Saturday 1 April 2023
Description
This one-day workshop at the Institute of Philosophy, University of London, brought together leading philosophers of art and art theorists to focus on major works of twenty-first century contemporary art. The aim of the workshop was not to motivate general philosophical claims about the nature of contemporary art, but to examine a single work (or a short run of works) by a particular artist and to consider this in light of the broader issues of philosophical interest that these works might be thought to raise.
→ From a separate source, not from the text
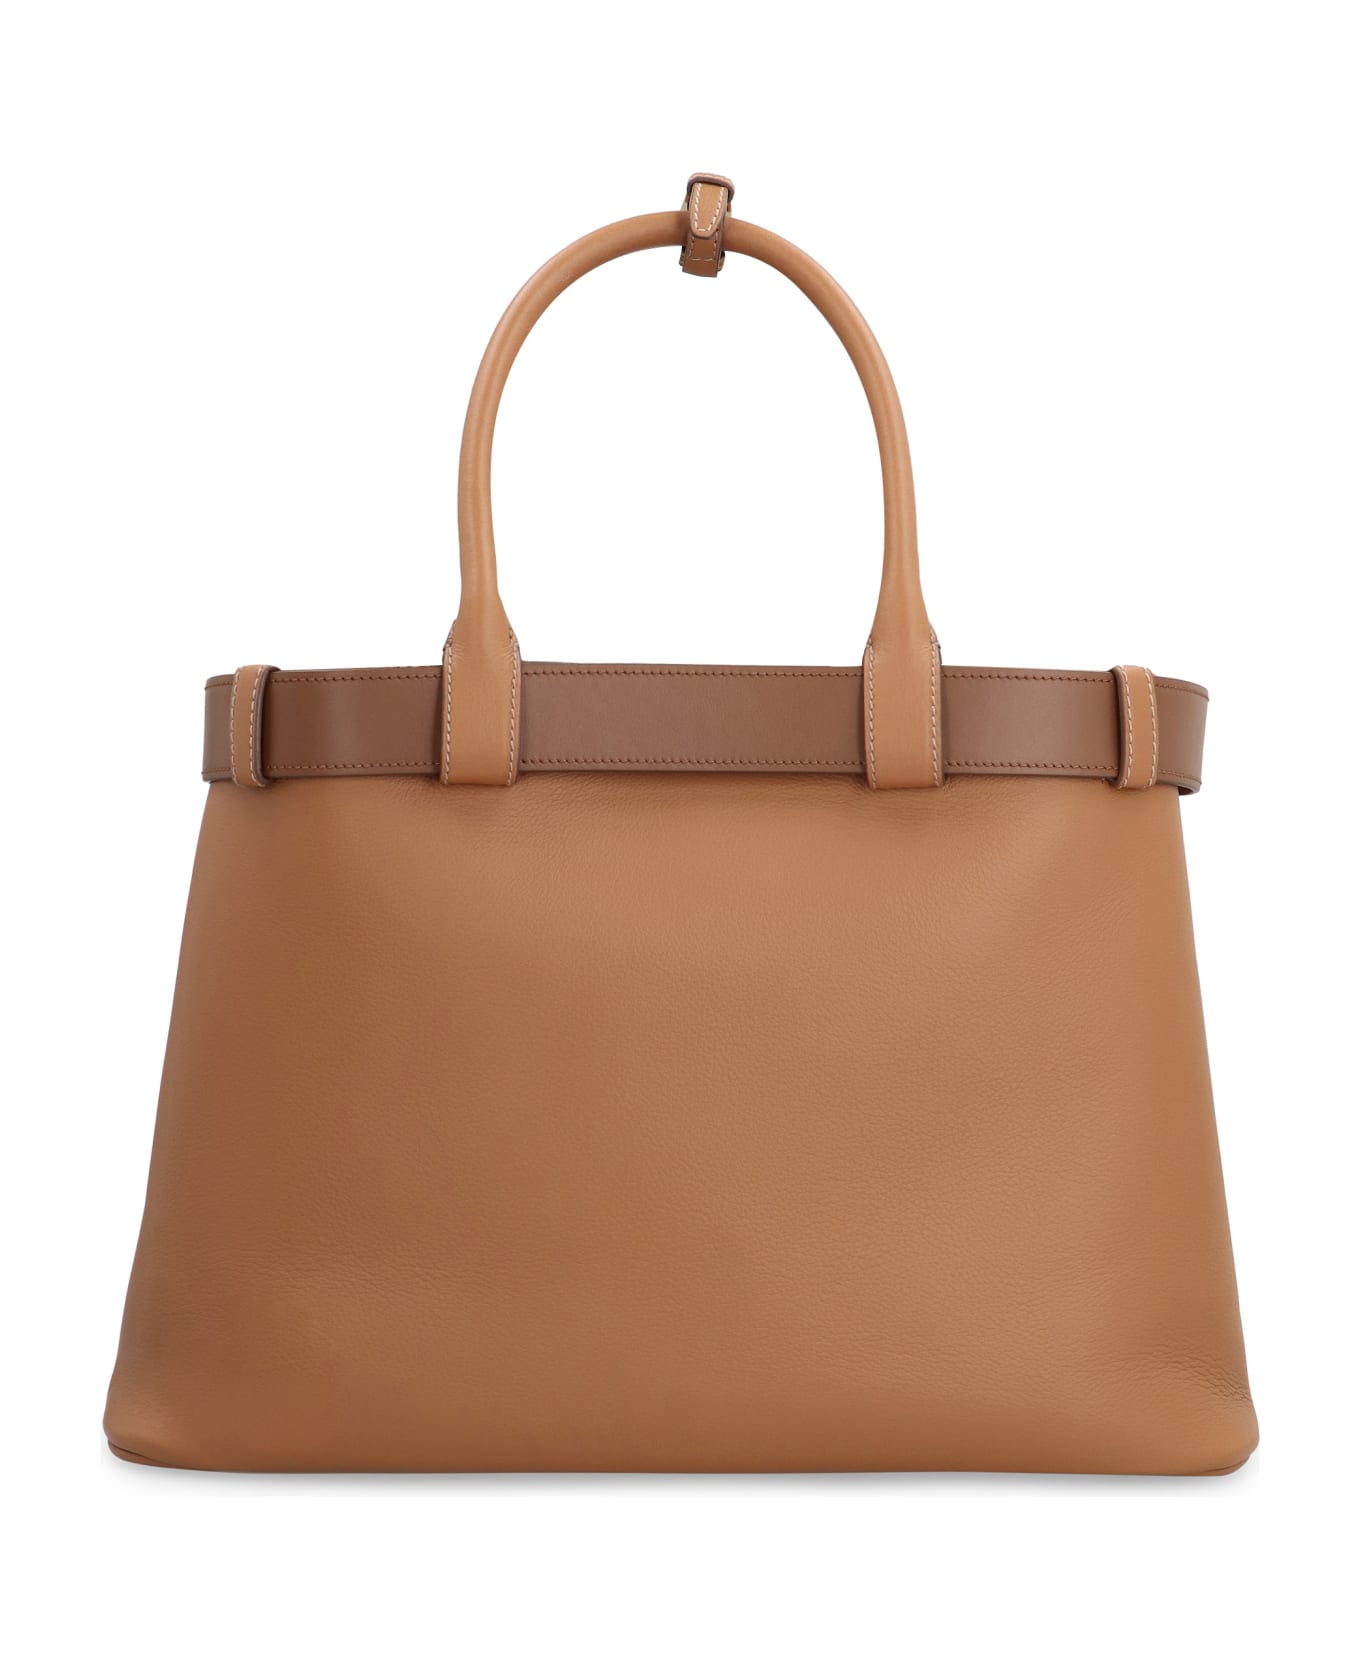 Prada Buckle Leather Bag - Saddle Brown

The idea behind the event as a whole was that close attention to an individual work of art can be both critically and philosophically illuminating, and that this provides an alternative model for substantive work in aesthetics, work that is not only philosophically serious but critically and historically sensitive.
The workshop was a collaboration between Department of Philosophy at the University of Warwick, the Ruskin School of Art at the University of Oxford, the Institute of Philosophy, University of London, and the London Aesthetics Forum. It was generously supported by a grant from the British Society of Aesthetics.
The organisers were Diarmuid Costello (Warwick) and Jason Gaiger (Oxford). The full list of speakers and papers titles is below. Papers were delivered in pairs between refreshment and/or lunch break(s) and all speakers, whether junior or senior, male or female, were given equal time and billing.
Jason Gaiger (University of Oxford): ‘Parthood and Composition: Pierre
Huyghe’s Untilled (2011-12)’
Elisa Caldarola (Ca’ Foscari University, Venice): ‘Installation, Interaction,
Imagination: Katharina Grosse’s ‘It Wasn’t Us’ (2020-2021)’
Diarmuid Costello (University of Warwick) and Katrin Flikschuh (LSE): ‘Felix Eats Garri & Egusi Soup (2014-16): Zina Saro-Wiwa and Metaphysics of Habitat’
Vid Simoniti (Liverpool University): ‘Art Beyond Human Agency: Maja Smrekar’s !brute_force’ (2019-20)’
Margaret Iversen (University of Essex): ‘Camera Consciousness: On Susan
Morris’s Concordances and Silence (On Prepared Loom) (2021)’
Peter Geimer (Deutches Forum für Kunstgeschichte, Paris): ‘The Colours of
History. On Harun Farocki’s Respite (2007)’
The event was very well attended by 80+ delegates, and lasted one full day, followed by a dinner for the speakers. Informal feedback received on the day was very positive, from both delegates and speakers.